> Required action
Output only the lines below from the one holding "Blog da Jana, Joinville, Acessórios, Blog" down to the one holding "info for d932d", both end lines included and every picture dropped.

> Dataset extract
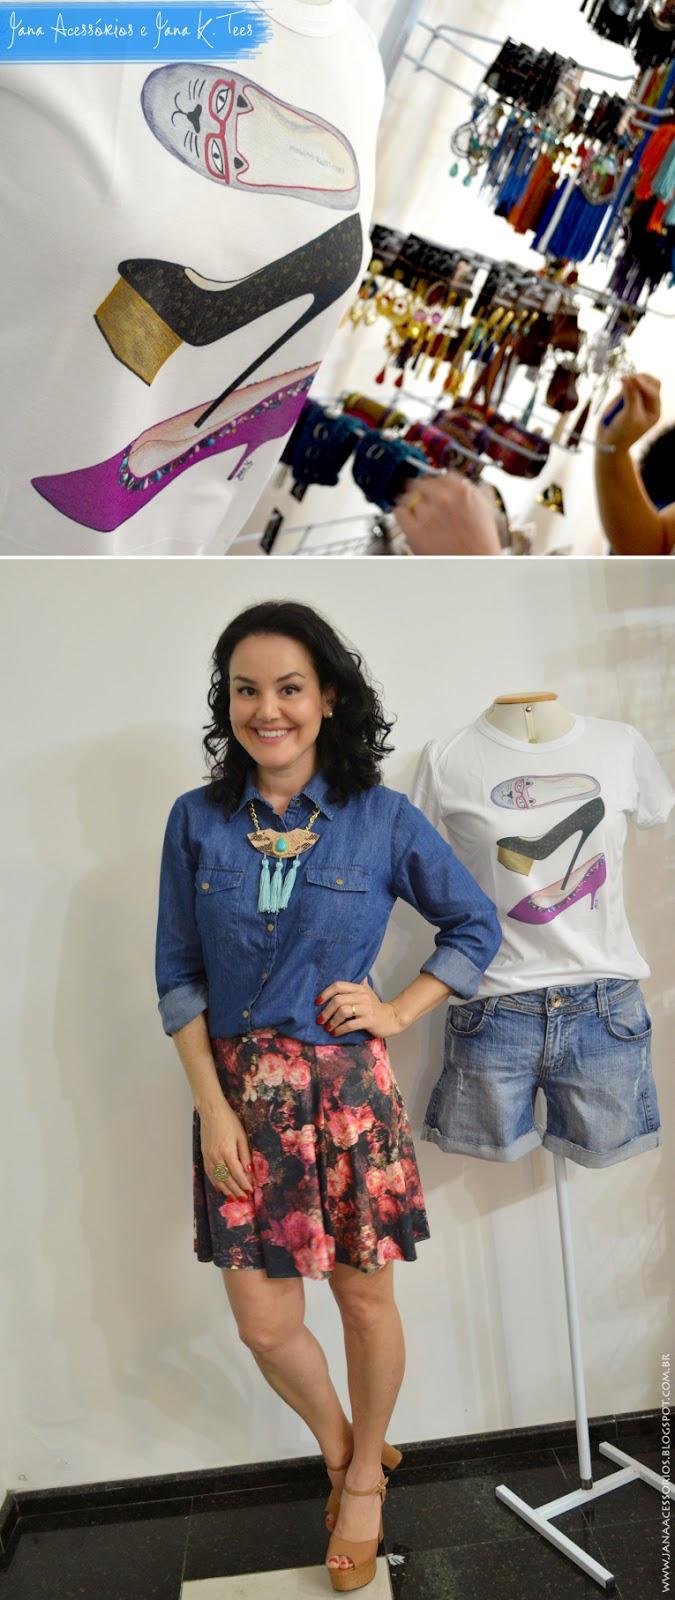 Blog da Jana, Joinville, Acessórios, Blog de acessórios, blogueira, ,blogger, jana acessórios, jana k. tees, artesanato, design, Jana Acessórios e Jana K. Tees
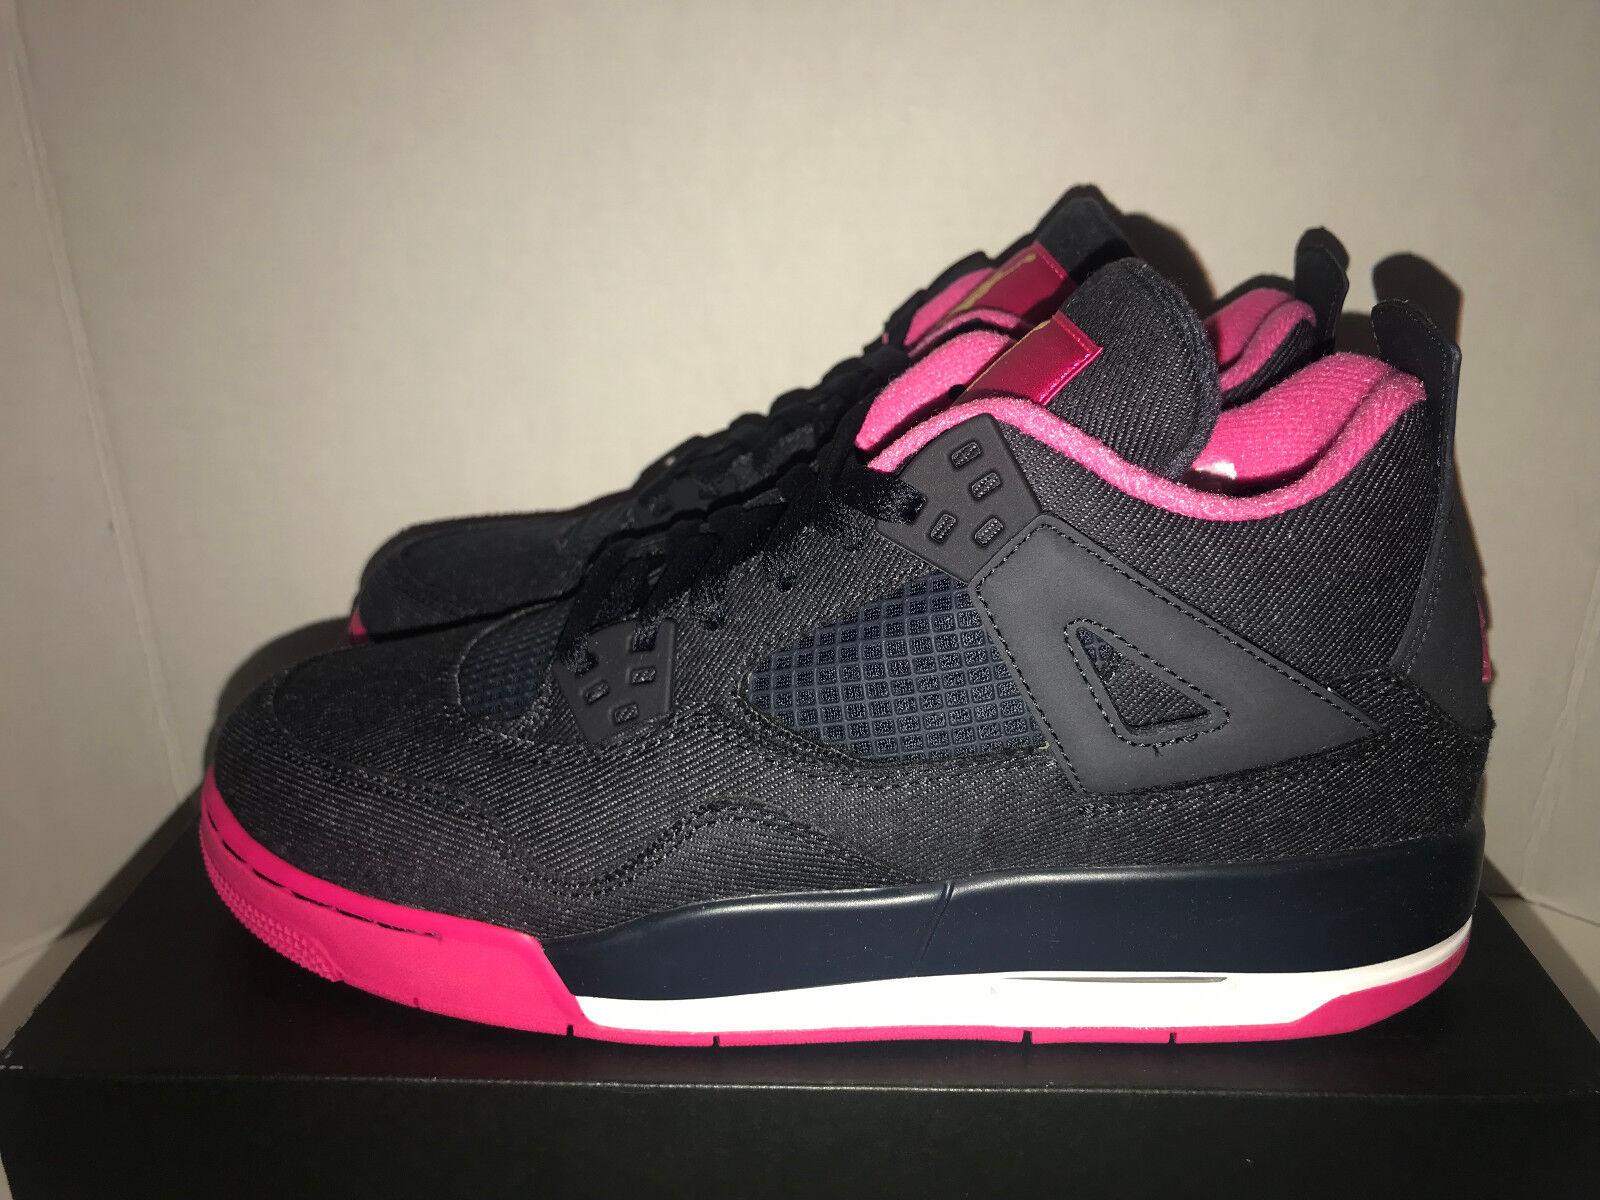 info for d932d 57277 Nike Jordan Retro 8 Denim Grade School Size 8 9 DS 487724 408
--
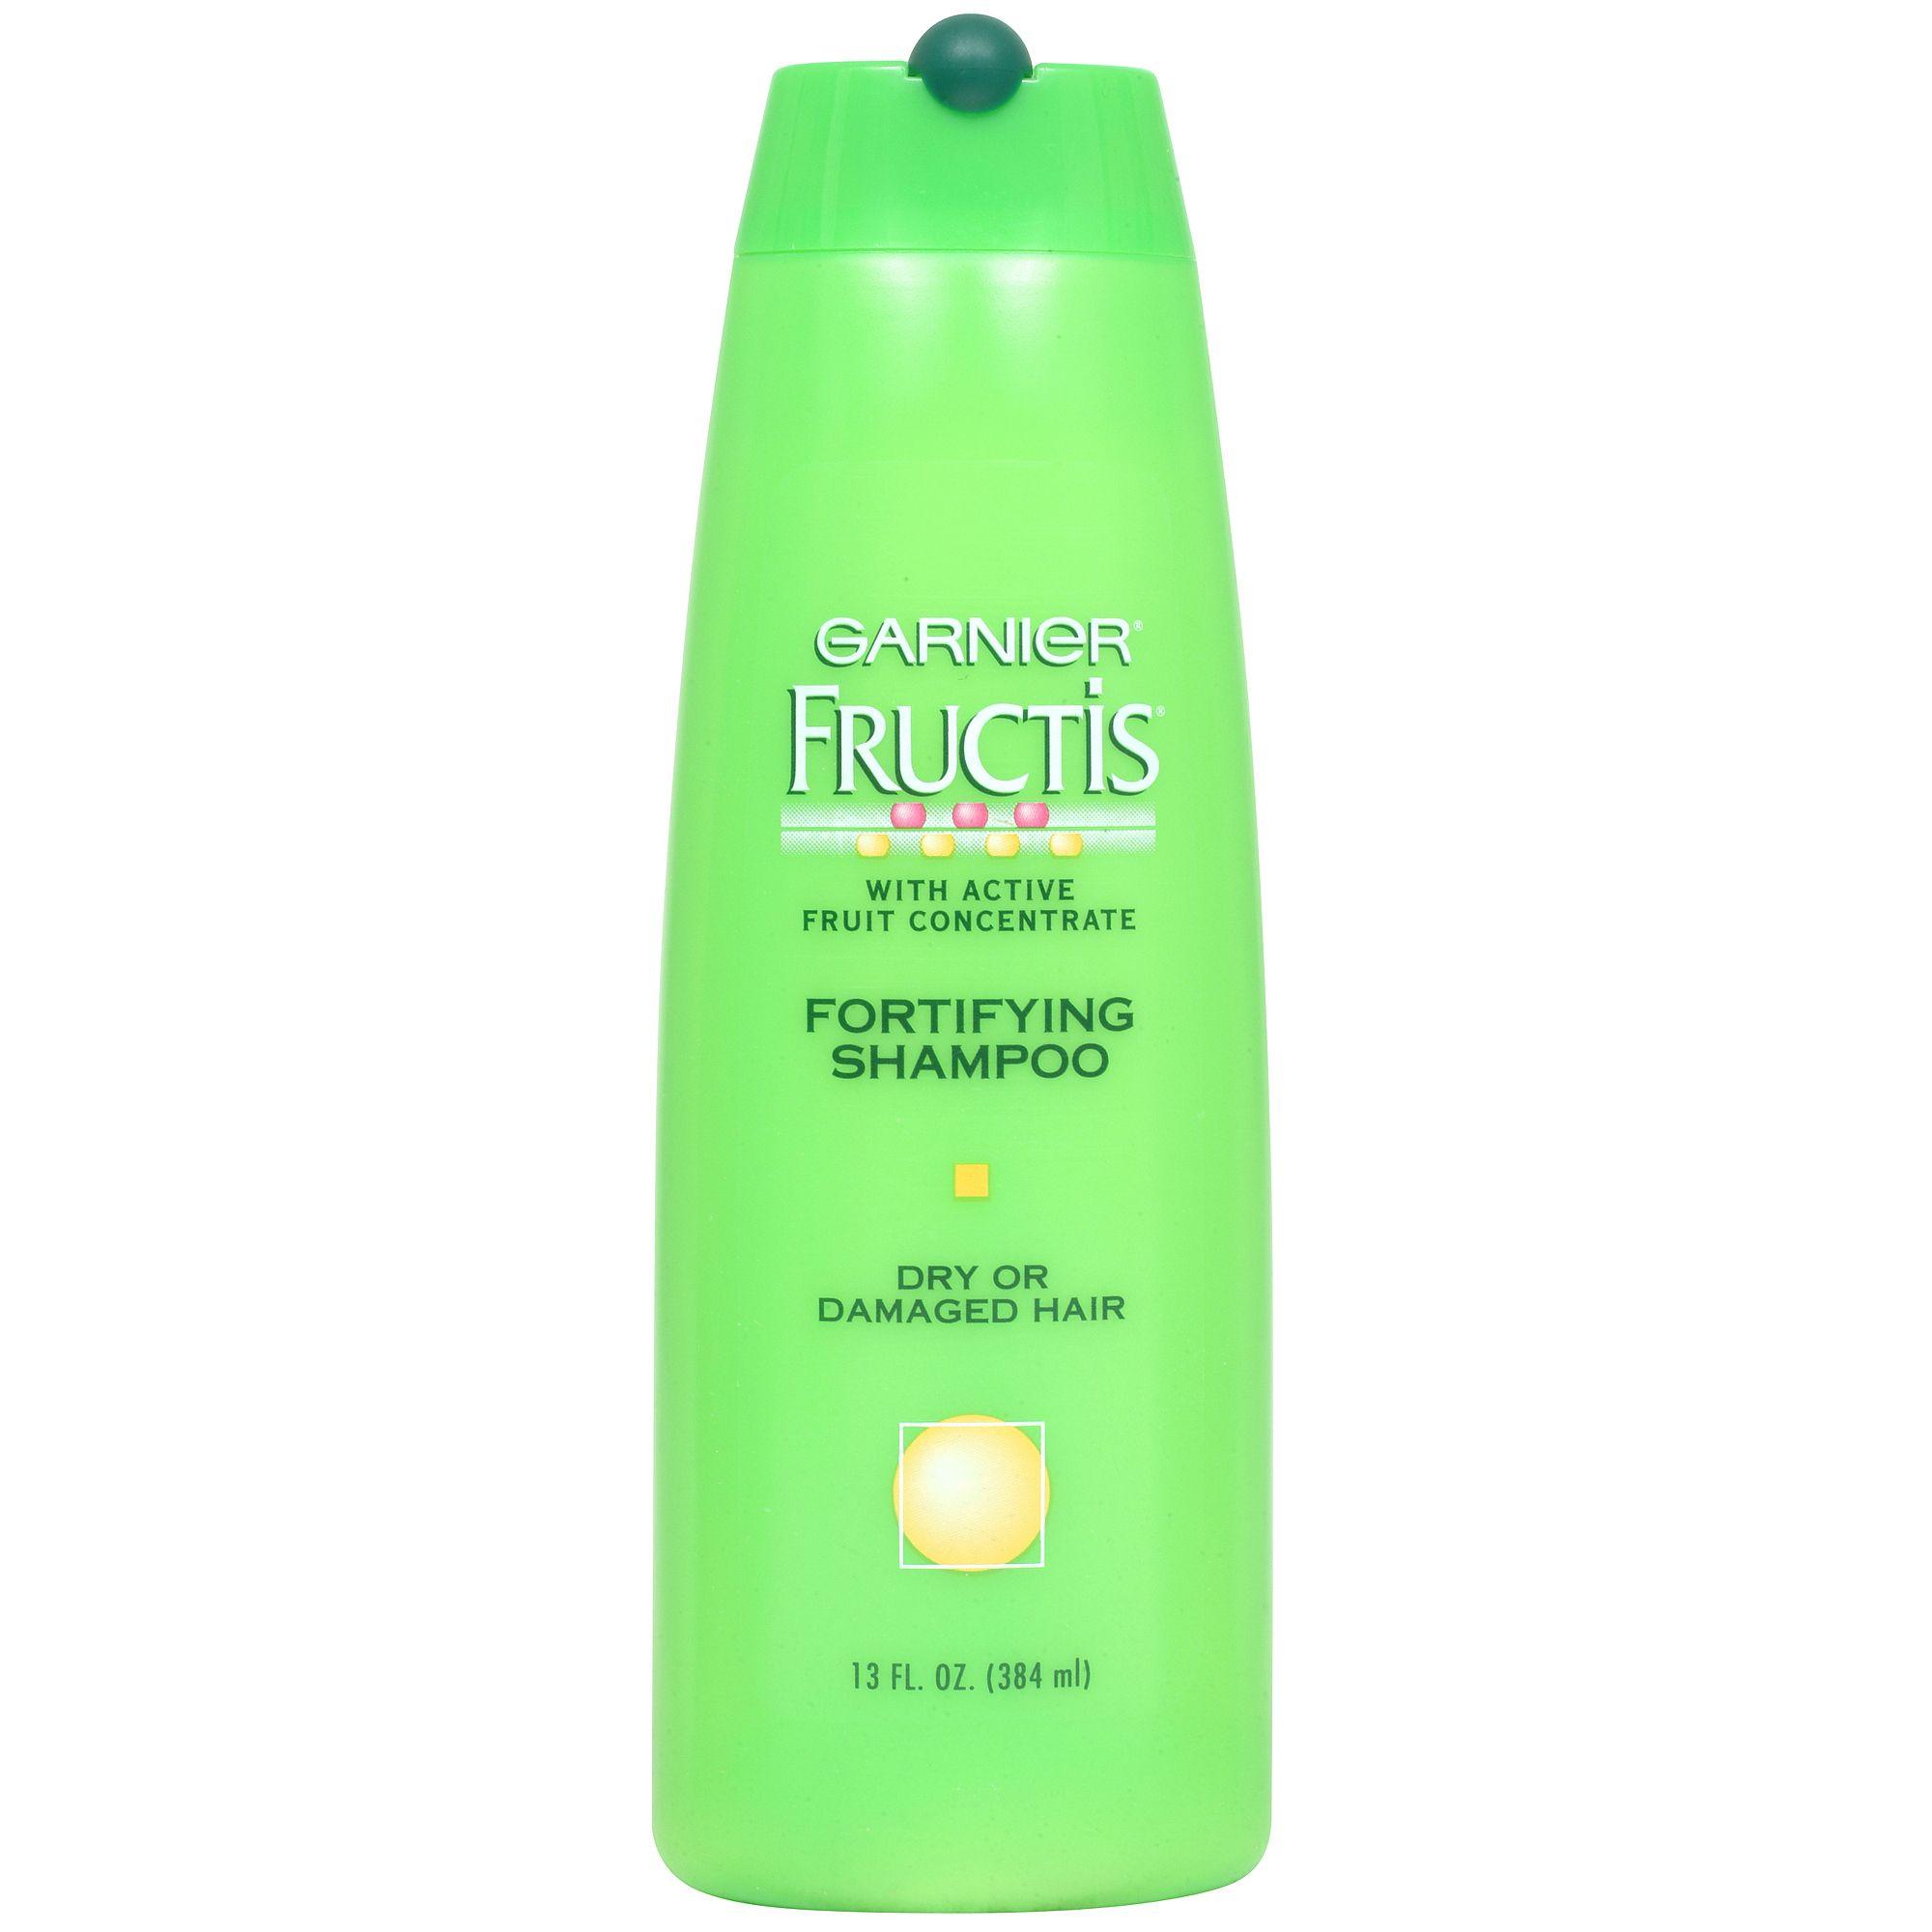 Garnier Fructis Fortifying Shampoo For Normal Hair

> Response to this exercise
 Blog da Jana, Joinville, Acessórios, Blog de acessórios, blogueira, ,blogger, jana acessórios, jana k. tees, artesanato, design, Jana Acessórios e Jana K. Tees
 info for d932d 57277 Nike Jordan Retro 8 Denim Grade School Size 8 9 DS 487724 408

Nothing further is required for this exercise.